> Input data:
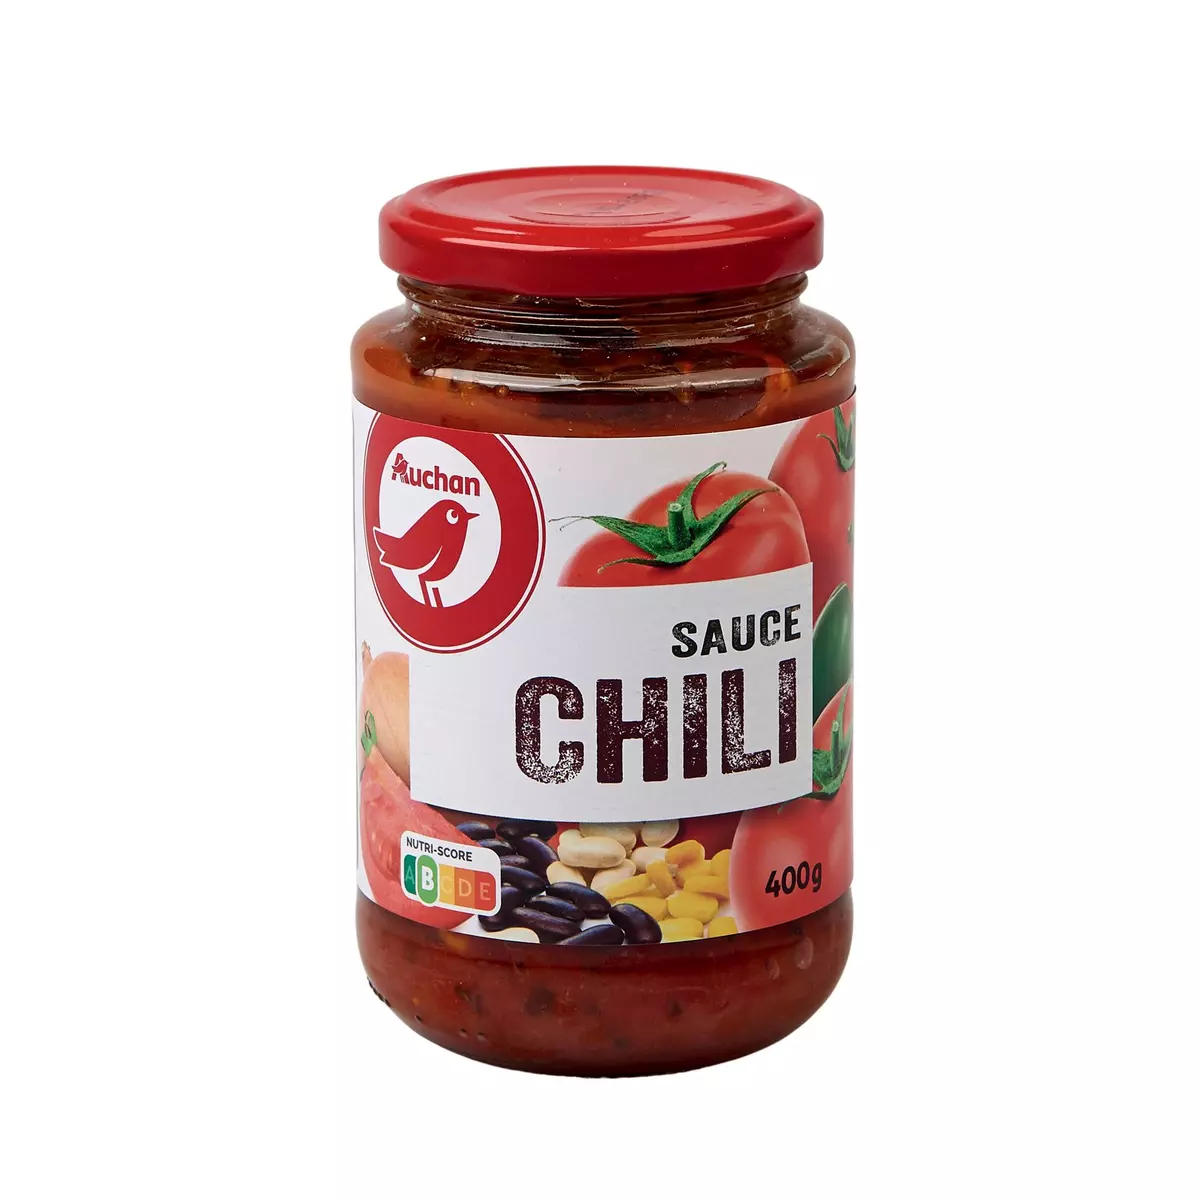 AUCHAN Sauce chili 400g
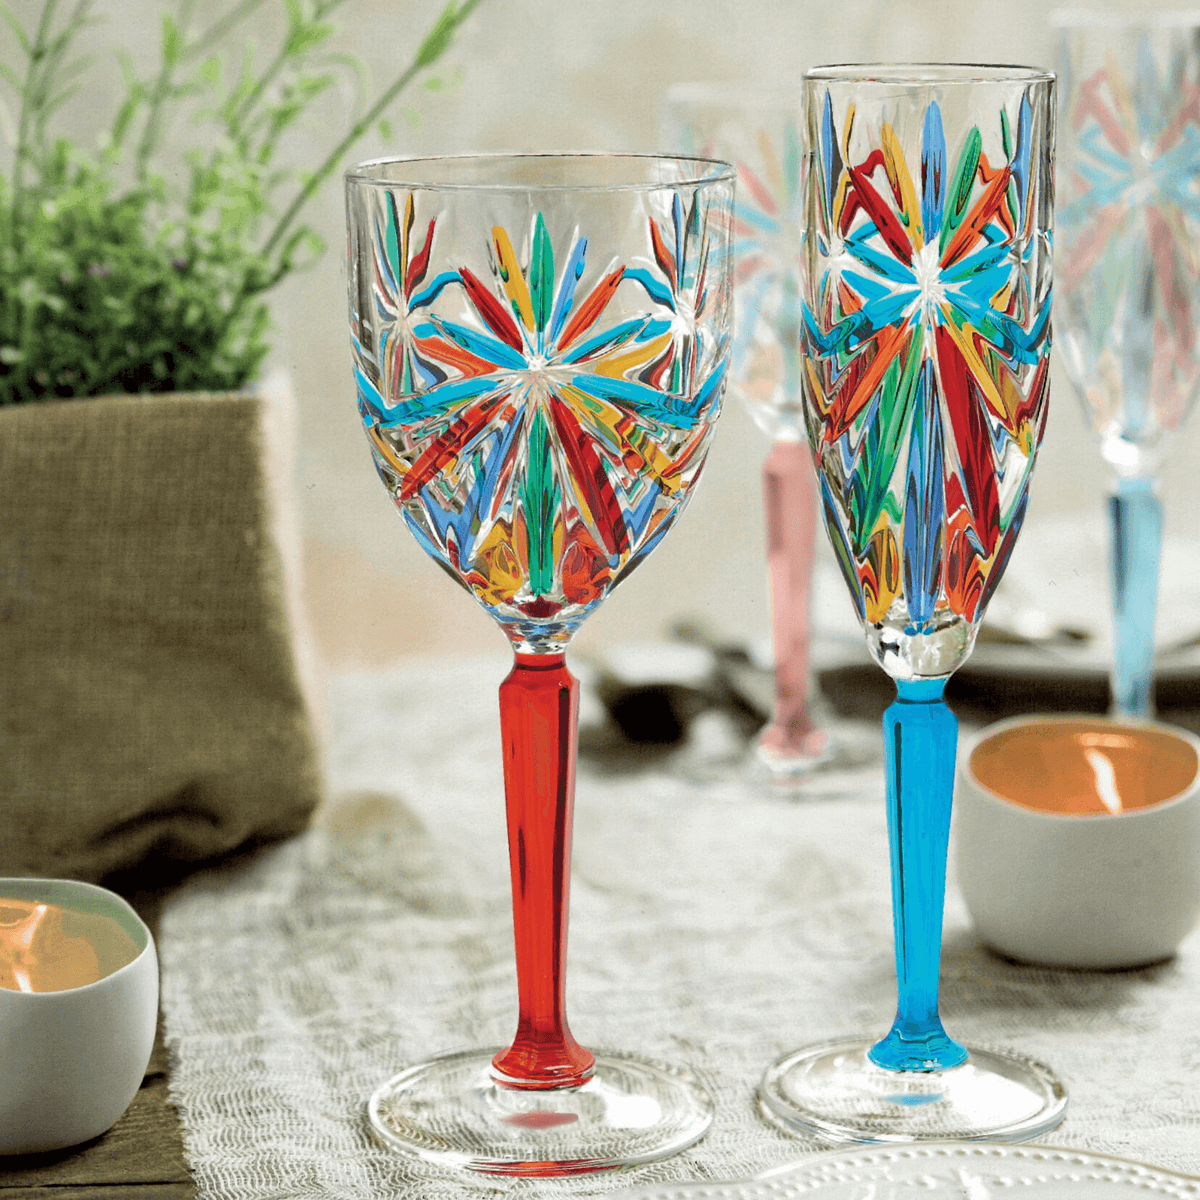 Starburst Wine Glasses, Hand-Painted Italian Crystal at MyItalianDecor
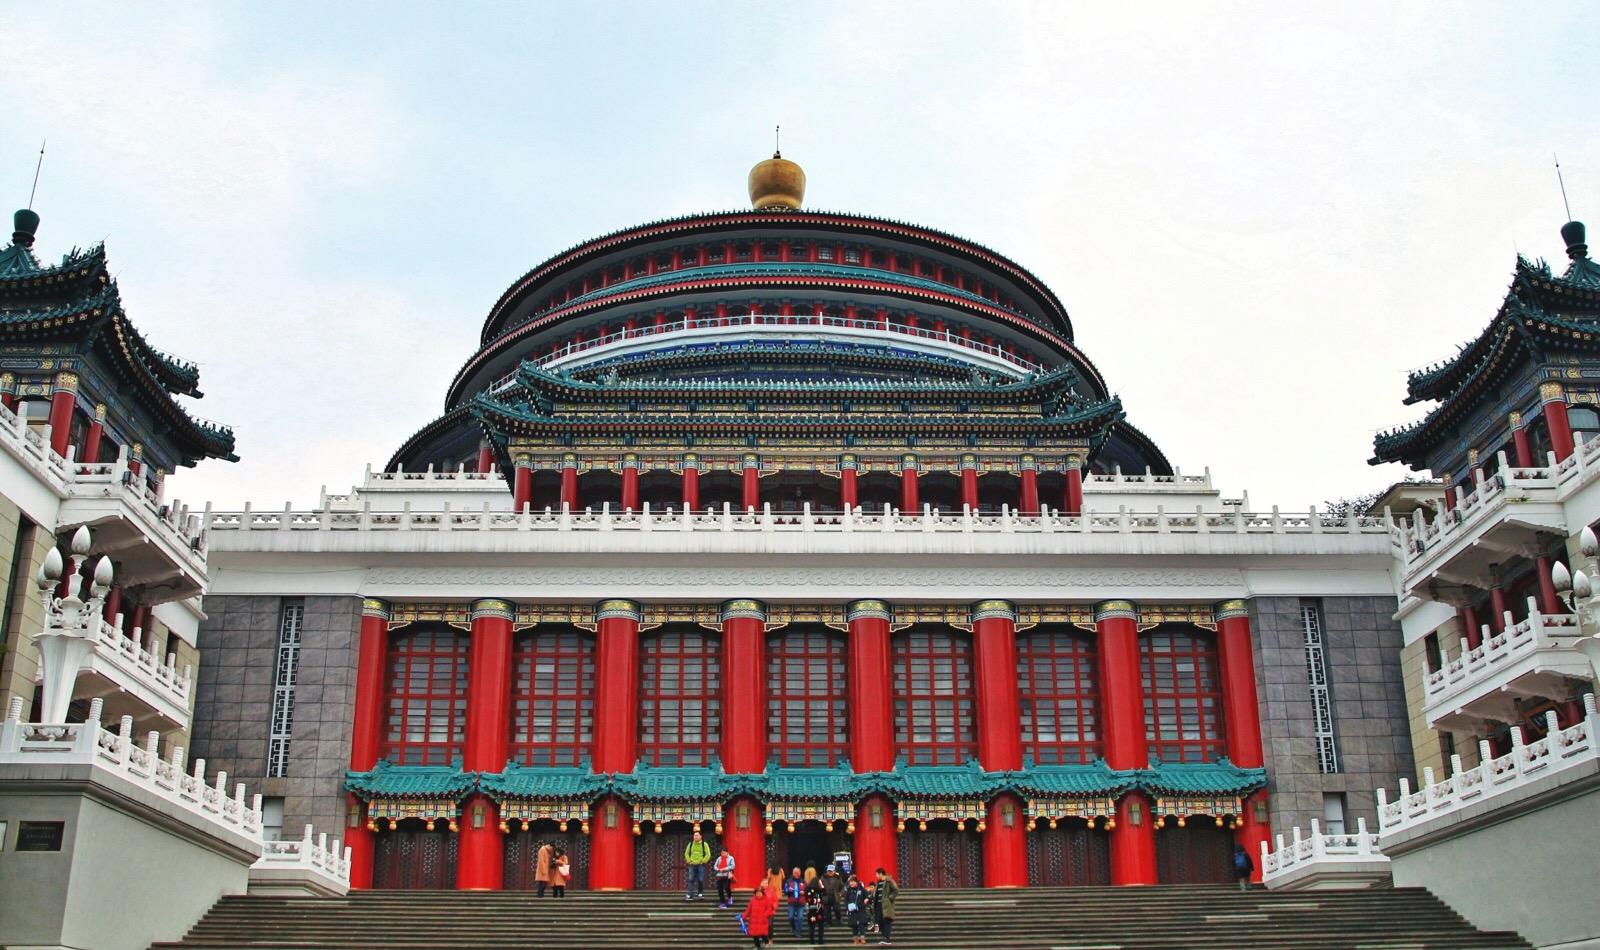 人民大礼堂位于人民路，建于1950年代，是一座精美的仿古民族建筑群，也是重庆的标志建筑物之一。大礼堂采用了明清的建筑特色，传统的中轴线对称，在外观上仿造北京天坛祈年殿。大礼堂对面是中国三峡博物馆，可以一并游玩。

> Task to complete:
Retype the data above in full, exactly as it stands, and skip any image.

> Solution for this task:
 AUCHAN Sauce chili 400g
 Starburst Wine Glasses, Hand-Painted Italian Crystal at MyItalianDecor
 人民大礼堂位于人民路，建于1950年代，是一座精美的仿古民族建筑群，也是重庆的标志建筑物之一。大礼堂采用了明清的建筑特色，传统的中轴线对称，在外观上仿造北京天坛祈年殿。大礼堂对面是中国三峡博物馆，可以一并游玩。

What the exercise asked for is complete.